Even if your WordPress does not have other user accounts exept yours (and ours too, if you are a recurrent customer), YOU ARE STILL COLLECTING your visitors personal data, with tools like: analytics, comments, reviews and any kinds of form submissions, social media integrations, wp plugins, etc. Starting from May 25, your website visitors have certain new rights. GDPR regulations require WordPress owners to inform visitors about:
- which personal data is being collected
- what the data is being used for
- who is handling the data
- how the data was obtained
- how and where the data is stored
GDPR grants individuals many new rights regarding their personal data. From the perspective of your WordPress website, the most important rights, that YOUR visitors can request are:
- to access any personal data you’ve gathered about them.
- GDPR Art. 15: to export their personal data (even if it's in machine-readable format only).
- GDPR Art. 17: to delete their personal data.
- GDPR Art. 20: to take all their personal data from you and go somewhere else with it.
Unless you have a good, legally backed reason, you are obliged to comply in 30 days.
What is personal data? Personal data is almost any data about a person. For example, it can by any of the following typically gathered and stored data: name (full name, first name, last name), email (personal or company owned), age, gender, location info, appearance description, information about hobbies or business niche, income, cultural preferences, etc.
Anonymous data: Personal data is personal as long as you have a way to tie it to an actual person. This means that if the data contains someone’s name, address, email, IP address etc, it’s personal data. However, if you remove everything that ties to a person, the data is effectively anonymized and no longer counts as personal data.
Secure processing: You and all your data processors have to ensure the safety and security of any personal data. Examples of these measures would be conducting a security audit on your website, site-wide SSL encryption, pseudonymising or encrypting personal data or deleting data once you no longer need to store it.

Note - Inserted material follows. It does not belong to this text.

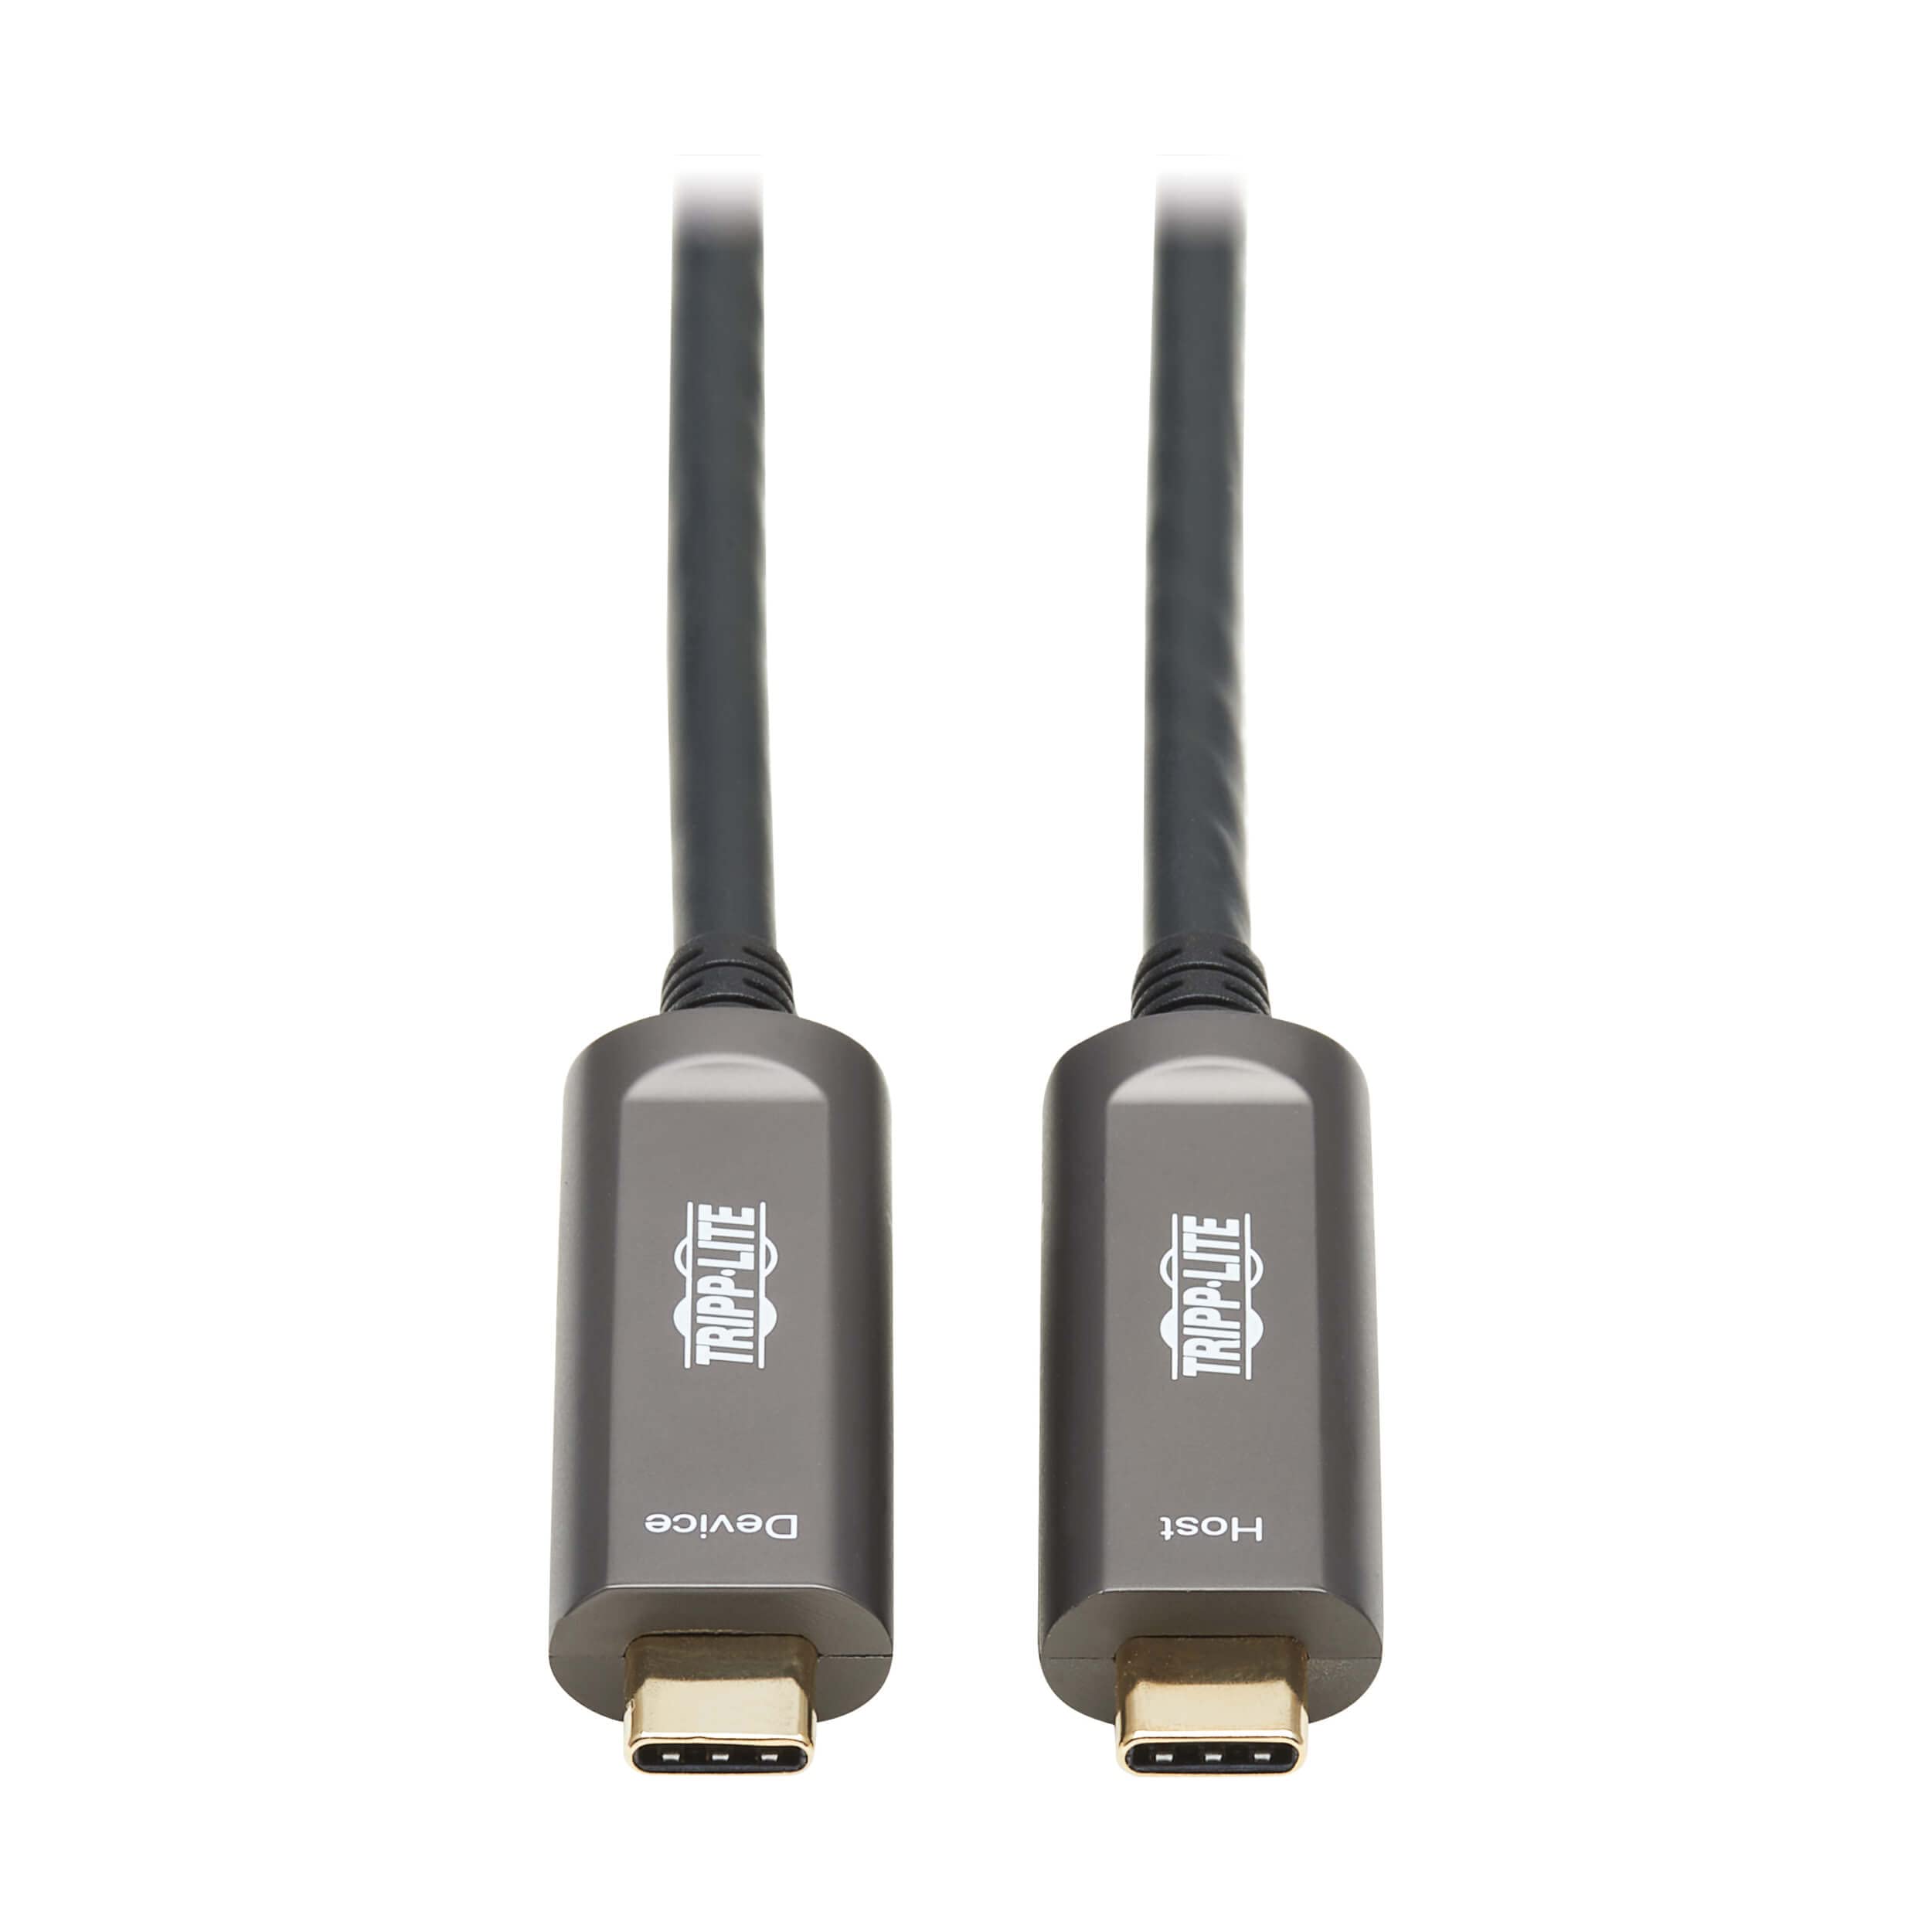 Tripp Lite USB-C Fiber (10 Gbps) Data Cable, Backward Compatible USB 3.2 Active Optical Cable, Male to Male, Plenum-Rated for Wall Installations, 49 Feet / 15 Meters, 3-Year Warranty (U420F-15M-D321)

GDPR Art. 4 (1): Personal data is any information relating to an identified or identifiable natural person (data subject); an identifiable natural person is one who can be identified, directly or indirectly, in particular by reference to an identifier such as a name, an identification number, location data, an online identifier or to one or more factors specific to the physical, physiological, genetic, mental, economic, cultural or social identity of that natural person.
Sensitive data: called “special categories of data” by GDPR. Sensitive data is data about a person’s: racial or ethnic origin, political opinions, religious or philosophical beliefs, trade union membership, health, sex life or sexual orientation, genetic data, biometric data.
YOU ARE NOT ALLOWED TO PROCESS sensitive data without an explicit consent from the data subject (unless exceptions listed under GDPR Art. 9 (2) apply). Sensitive data also requires more strict safety and security measures. If you’re dealing with sensitive data, we recommend getting legal advice to ensure compliance.
GDPR also sets some new rules for your business in general. You need to keep a registry of all data processing activities. You need to have contracts with everyone you share customer data with. You cannot transfer customer data to someone who does not comply with GDPR. Should a data breach occur (example a hacked WordPress or a stolen employee’s laptop), you need to notify your local supervisory authority and possibly your customers. If you store a lot of data or work with sensitive data, you might be obliged to make a Data Protection Impact Assessment. And you are responsible for demonstrating that you’re GDPR-compliant to your supervisory authority.
GDPR Art. 6(1)(b): Processing is lawful if processing is necessary for the performance of a contract to which the data subject is the party or in order to take steps at the request of the data subject prior to entering into a contract.
You don’t need to track each consent separately. For example, if your visitors sign up to your newsletter through your website, you’ll probably want them to use the “unsubscribe” button at the bottom of each email to opt-out instead. In that case, there’s no reason for you to track the newsletter consent or allow visitors to withdraw it from the Privacy Tools page.
E-commerce, online payments, invoices and other legally required info, that contains personal data, but forced by individual governments to be gathered and supplied to them - under GDPR is a very complicated topic. We’re taking some additional time to research this.